## Work order
Each line in the data must be reproduced as written, except for any picture.

## Dataset extract
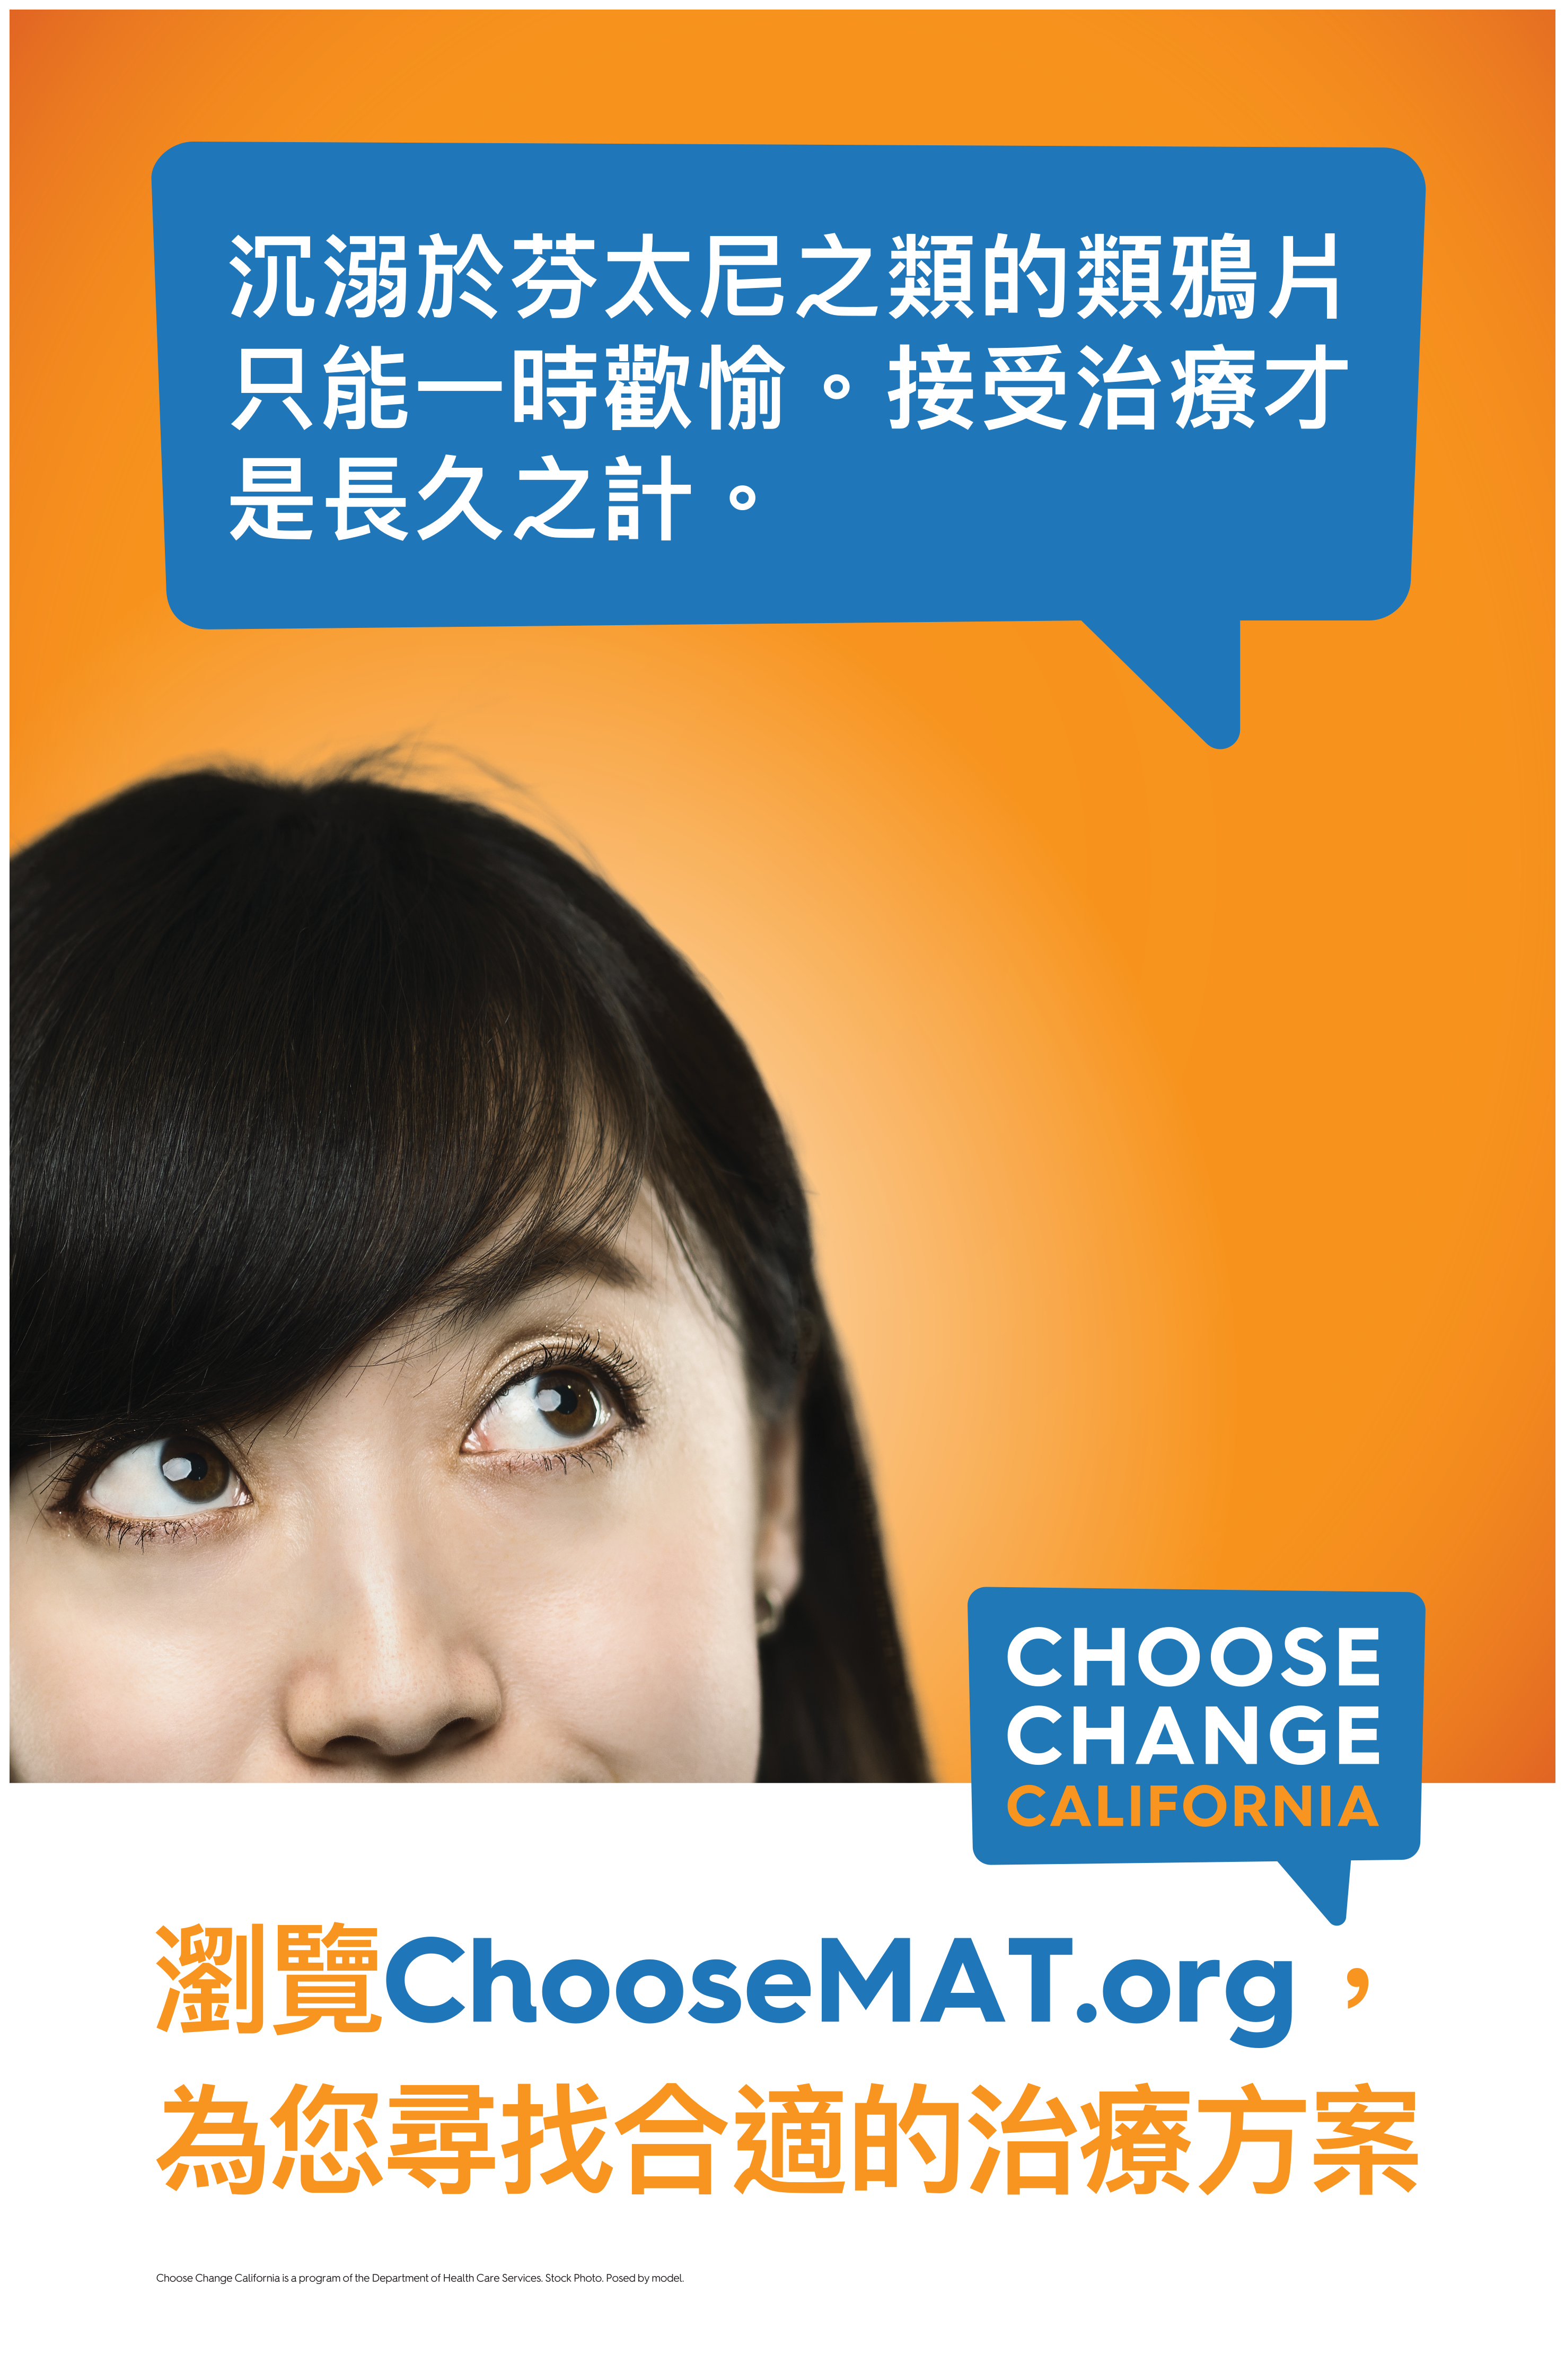 Pictured: Choose Change California ChooseMAT.org poster in Mandarin
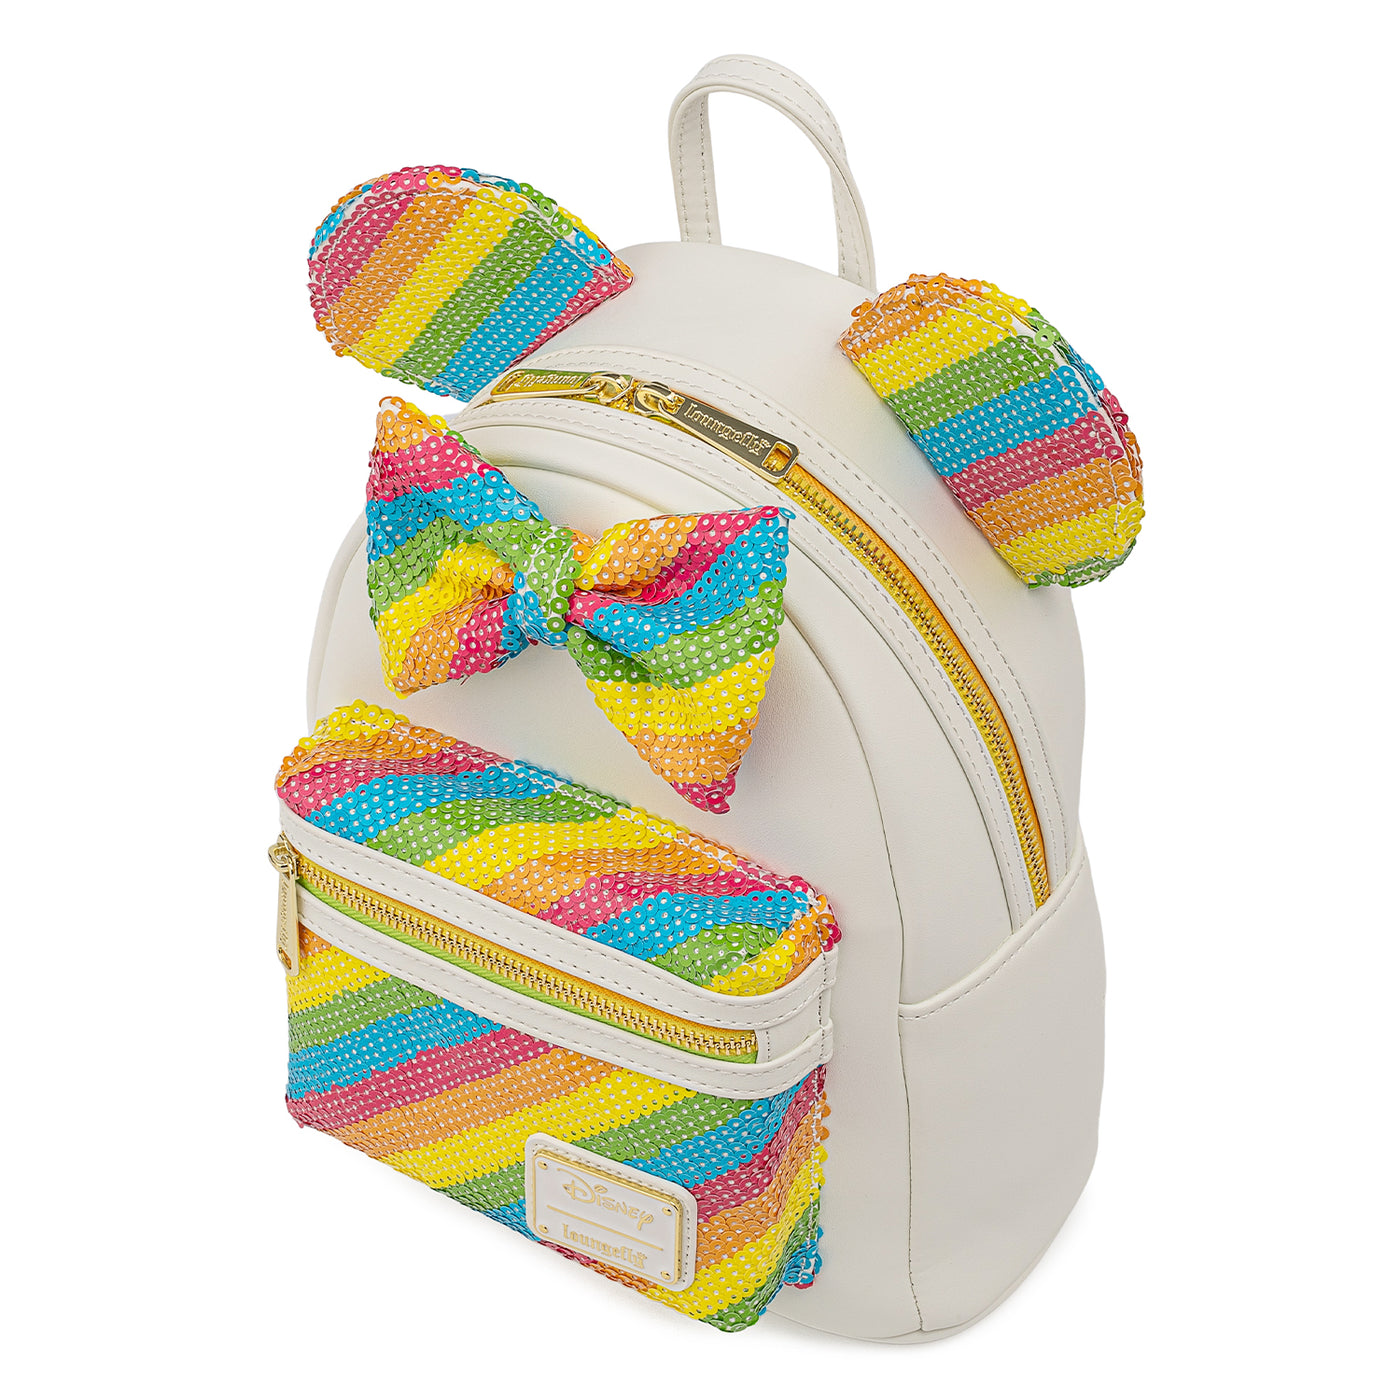 Loungefly Disney Sequin Rainbow Minnie Mouse Mini Backpack
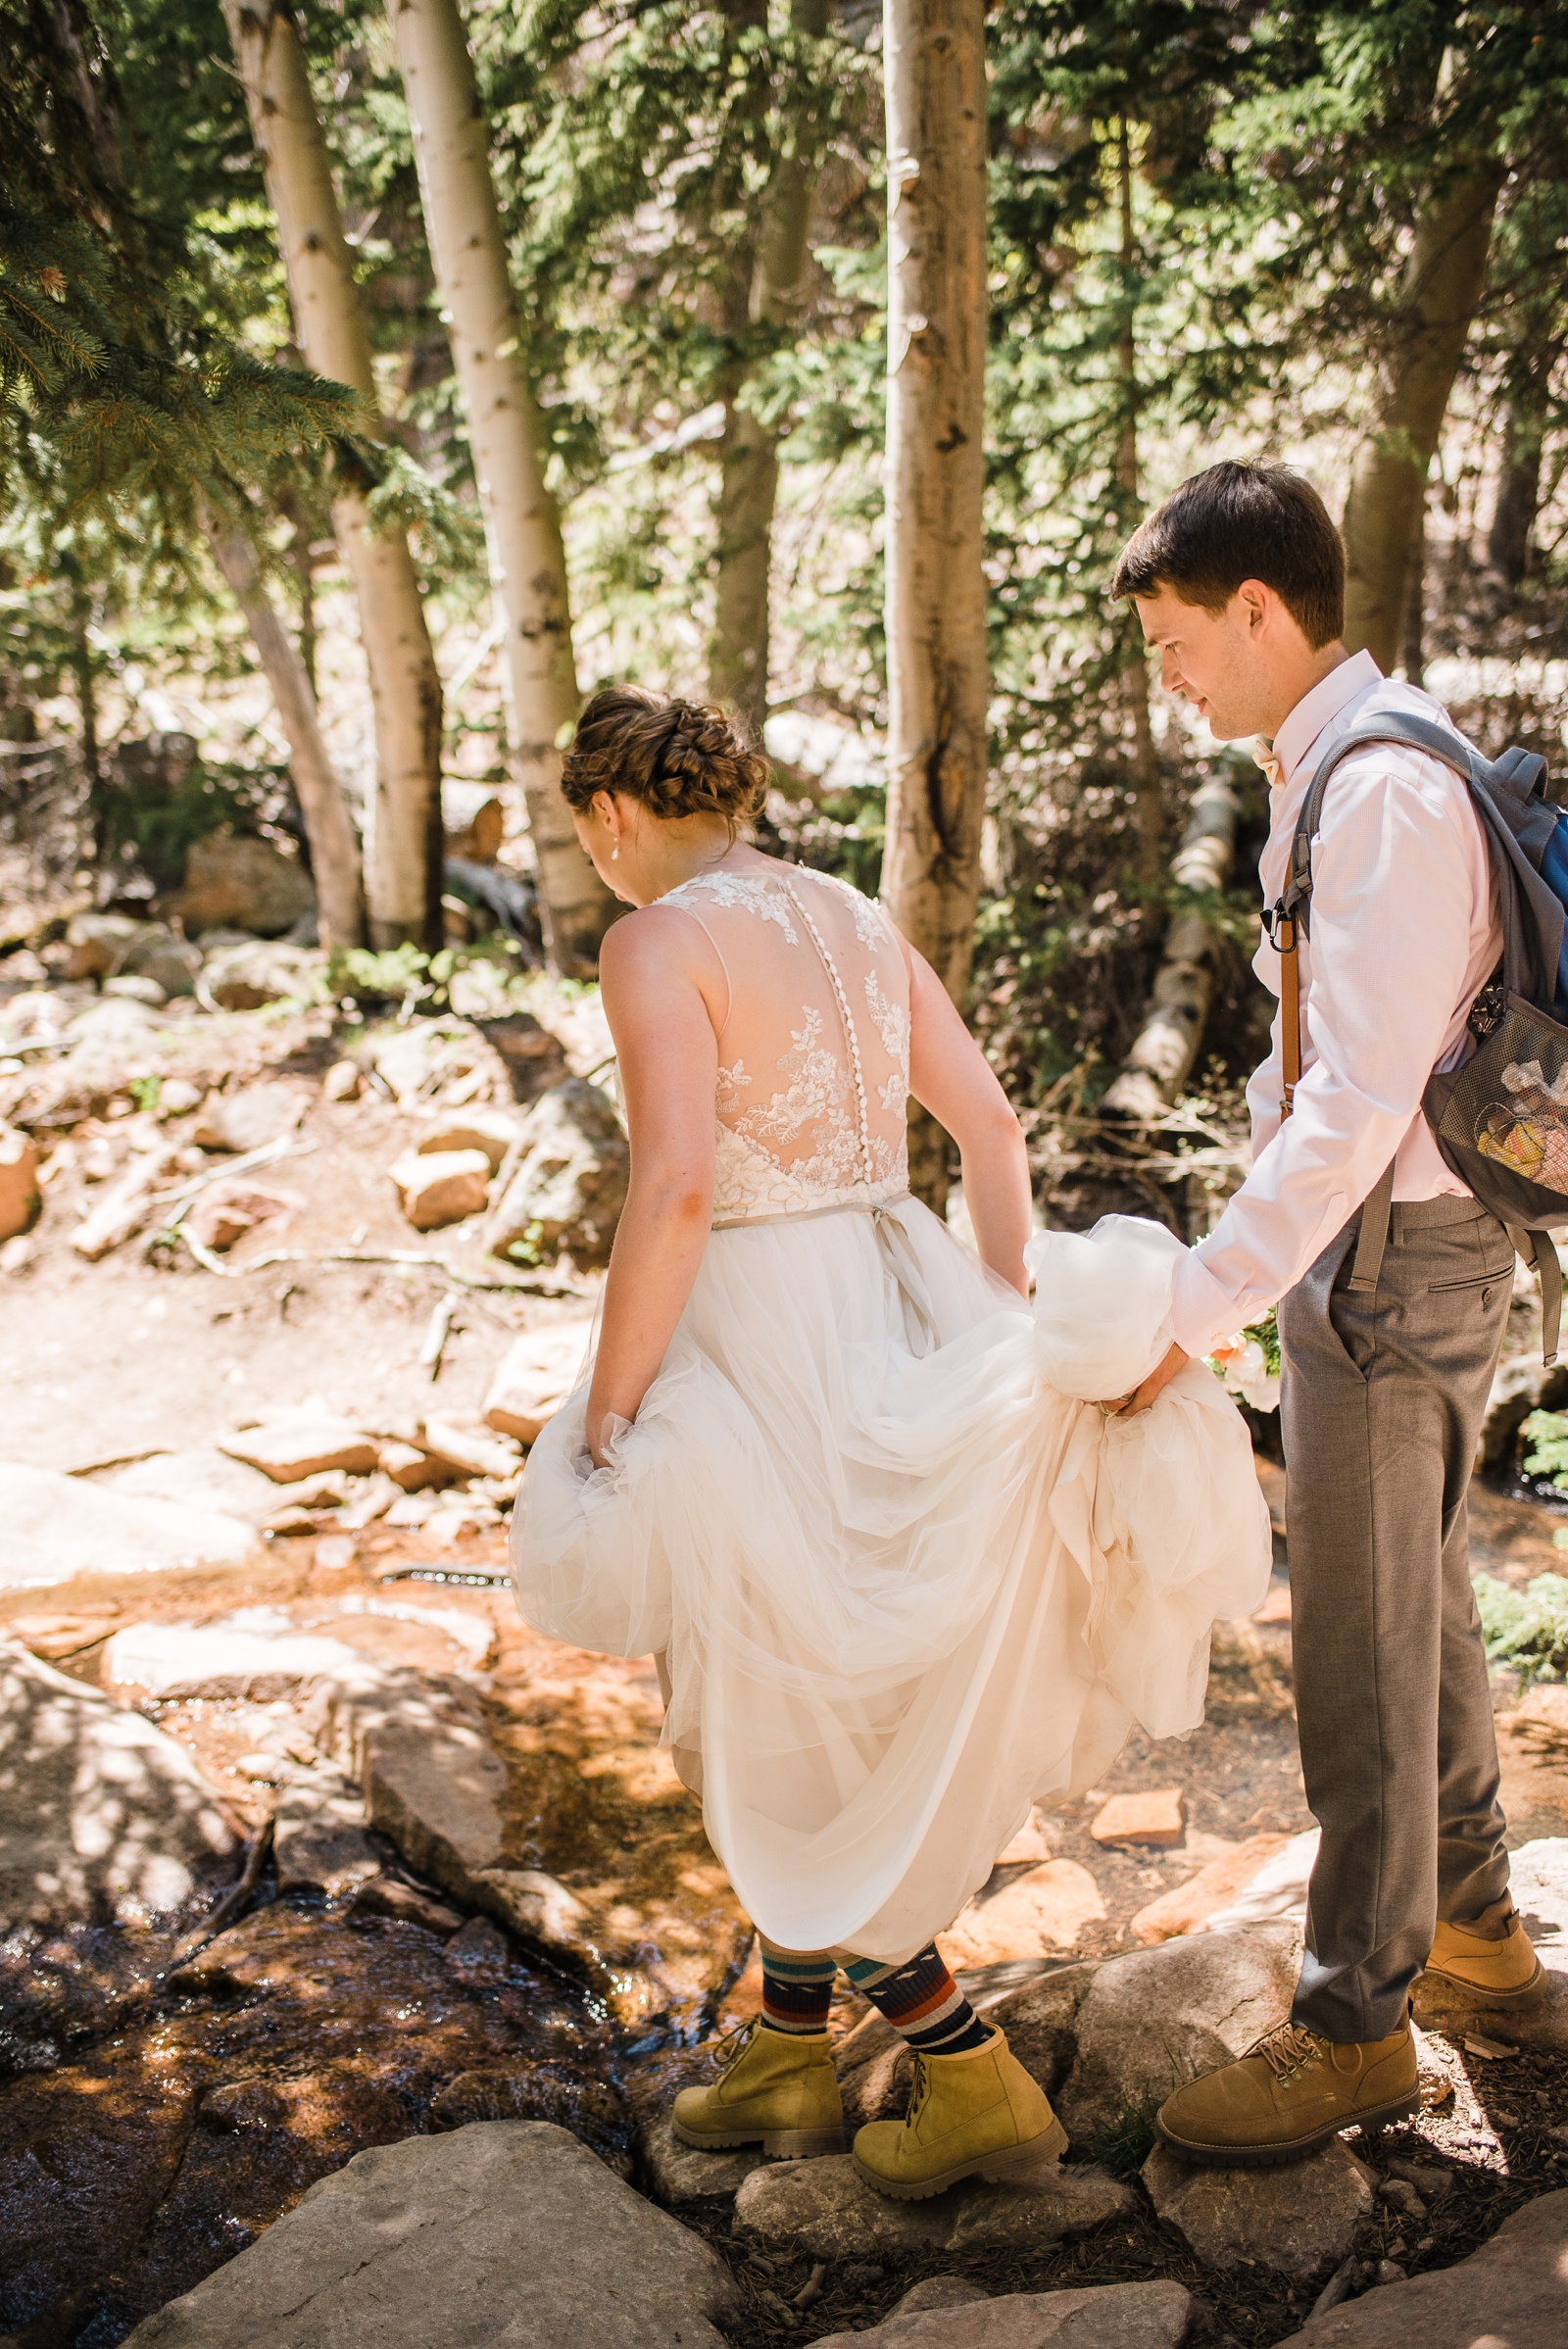 Groom holding bride's dress to cross stream.

## Finished exercise
 Pictured: Choose Change California ChooseMAT.org poster in Mandarin
 Loungefly Disney Sequin Rainbow Minnie Mouse Mini Backpack
 Groom holding bride's dress to cross stream.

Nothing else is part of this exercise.